Implications: Les résultats de séquençage inter- et intra-laboratoire de l’ORF5 sont reproductibles, fiables, et ne contribuent pas significativement à la diversité estimée du VSRRP. Des erreurs de suivi pourraient se produire ce qui entrainerait de la confusion ou des réactions inappropriées par des décideurs clés.

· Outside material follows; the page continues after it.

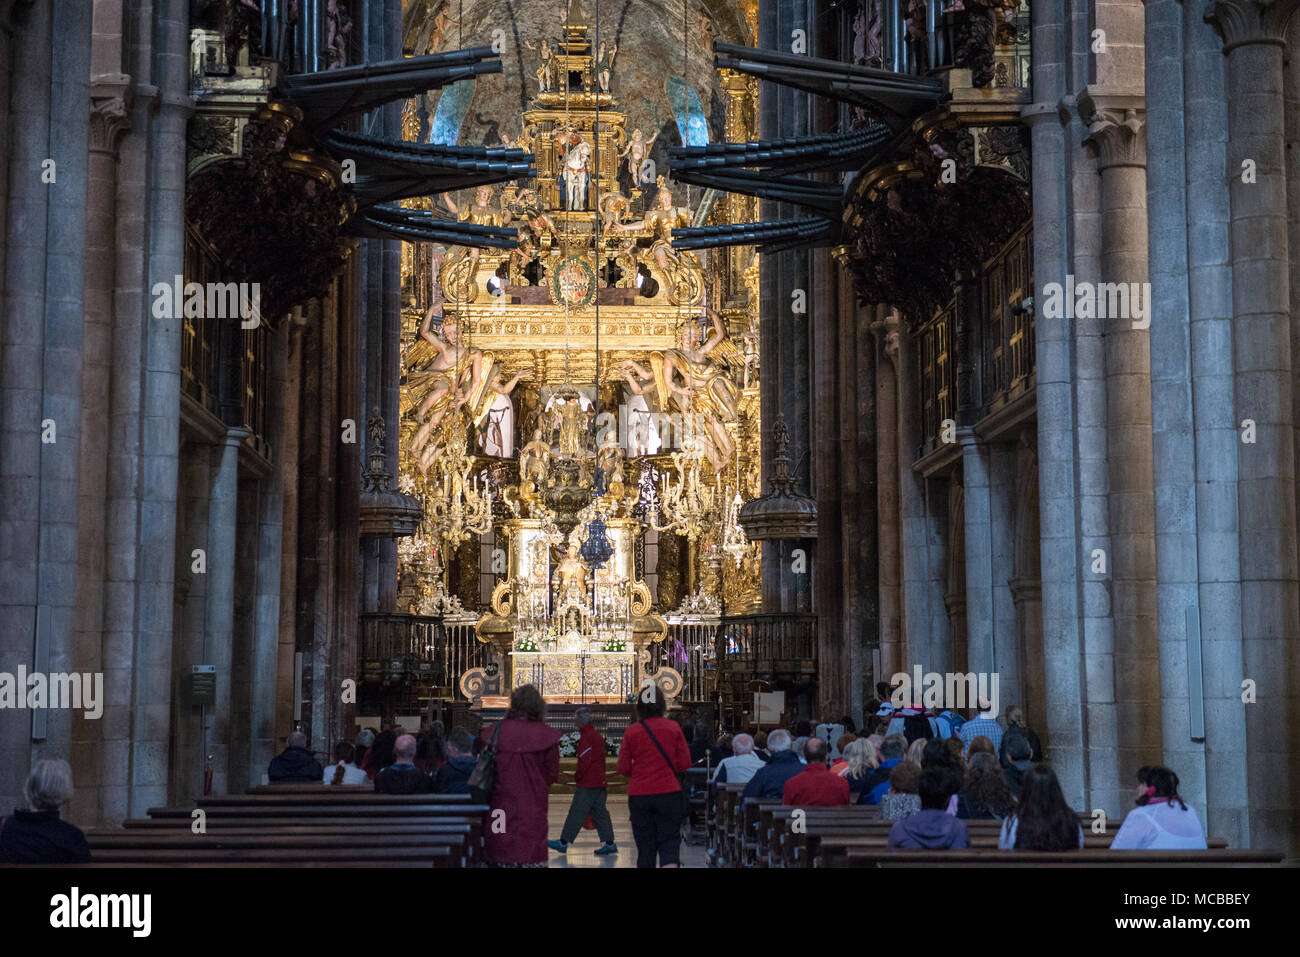 Altar of the cathedral of Santiago de Compostela Stock Photo
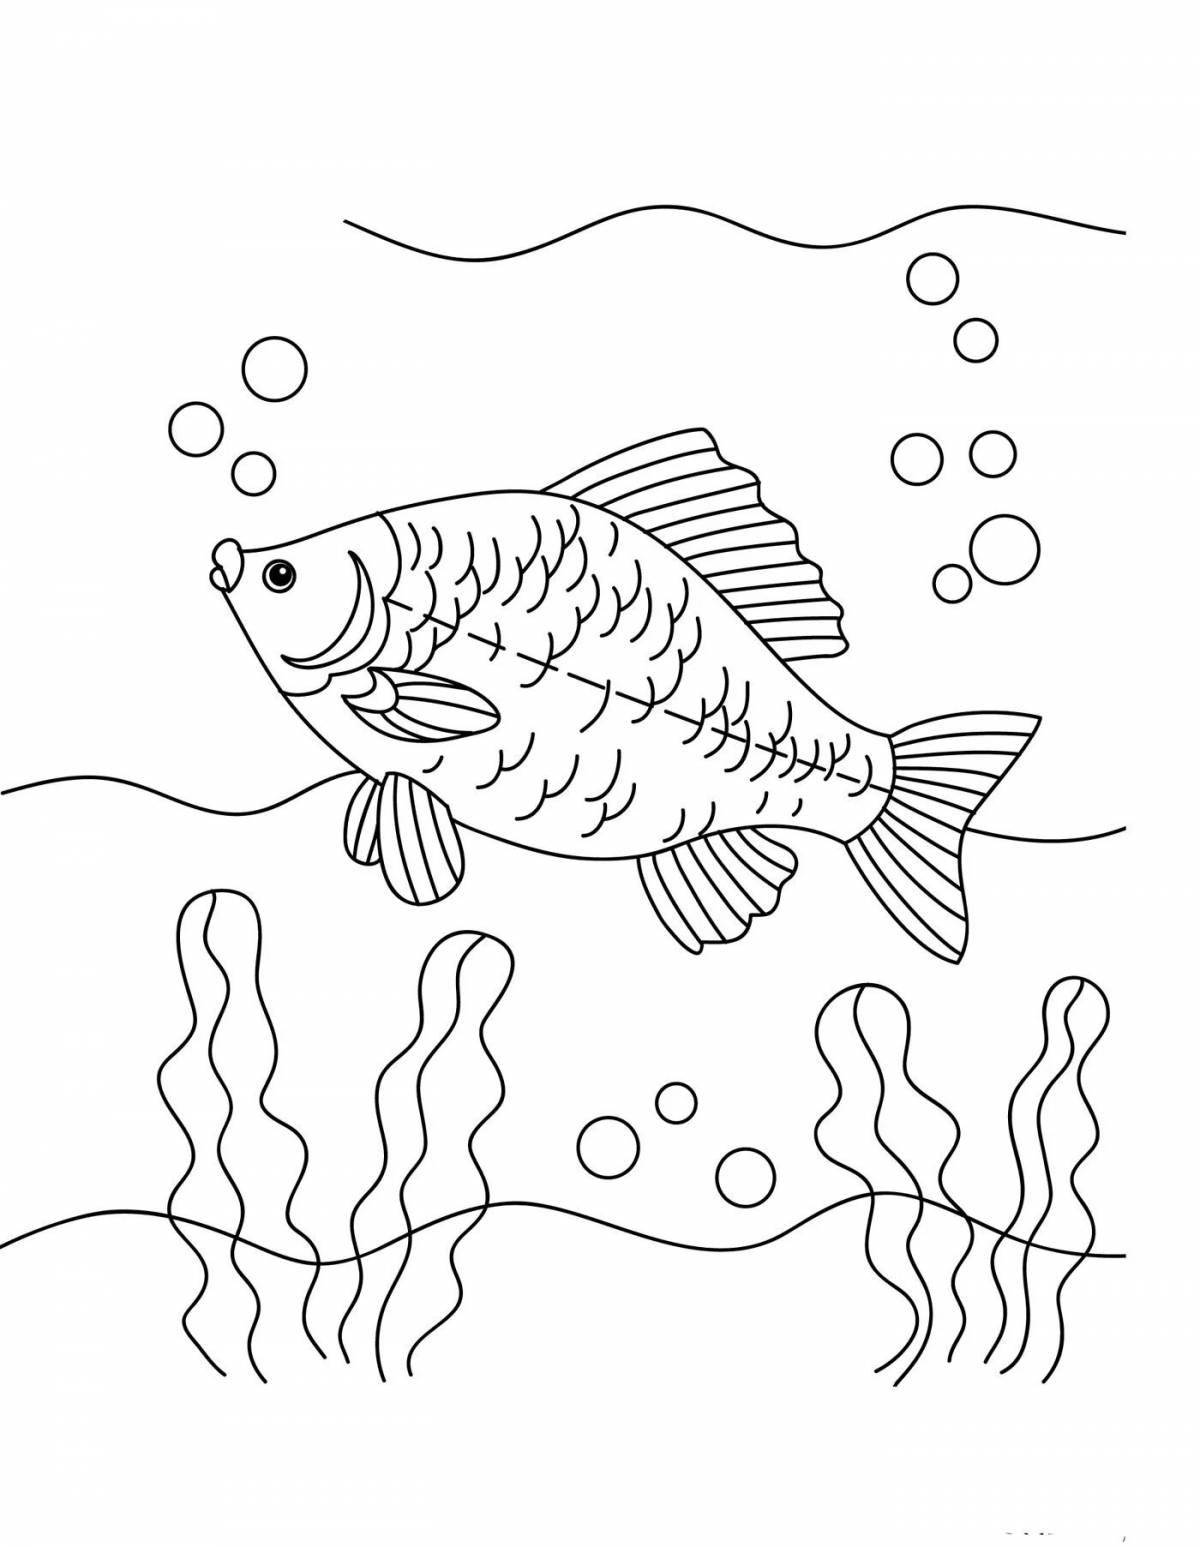 Charming river fish coloring page

Les personnes soumettant des échantillons devraient conserver des aliquotes de tous les échantillons afin de permettre des études ultérieures en cas d’erreur diagnostique non reliée à la procédure de séquençage.

Resumé

Objetivo: Valorar la variación de la secuencia del marco 5 (ORF5 por sus siglas en inglés) de lectura abierta del virus del síndrome reproductivo y respiratorio porcino (vPRRS), dentro y entre los laboratorios de diagnóstico estatales, que puedan contribuir a las diferencias observadas en la homología de secuencias entre aislamientos.

Materiales y métodos: Se recolectaron muestras de sangre positivas al vPRRS de cerdos individuales en tres granjas diferentes y se enviaron en tres ocasiones independientes a tres laboratorios de diagnóstico para la secuencia de nucleótidos del ORF5 del vPRRS. Los aislamientos del vPRRS en cada granja eran genéticamente diferentes. Los virus de vacuna (Ingelvac PRRS MLV y Ingelvac PRRS ATP; Boehringer Ingelheim Vetmedica, Inc, St Joseph, Missouri) se enviaron como controles positivos.

Resultados: Se obtuvieron secuencias de ORF5 completo de todas las muestras. La secuenciación del control positivo del virus de la vacuna fue precisa y muy exacta, todos los laboratorios en todas las ocasiones, obtuvieron secuencias casi idénticas. La especificidad analítica de la secuenciación del vPRRS de campo fue robusta, con una variación media entre laboratorios para la misma muestra de granja, entre todos los cerdos y fechas de entrega, de una base de diferencia por cada 603 bases (0.2%). Setenta y cinco por ciento de las secuencias tuvieron menos de seis bases de diferencia, y la mayor diferencia fue 2.2%. Sin embargo, 16% de las muestras en una entrega de una granja, parecen haber sido mal identificadas en los reportes de un laboratorio.

Implicaciones: Los resultados de secuenciación ORF5 inter y entre laboratorio son reproducibles, confiables, y no contribuyen significativamente a la diversidad estimada del vPRRS. Pueden ocurrir errores de seguimiento que confundan o lleven a una reacción inadecuada de los responsables claves de toma de decisiones. Quienes envían muestras deberían retener alícuotas de todas las muestras para permitir investigaciones posteriores de un error de diagnóstico no relacionado con el proceso de secuenciación.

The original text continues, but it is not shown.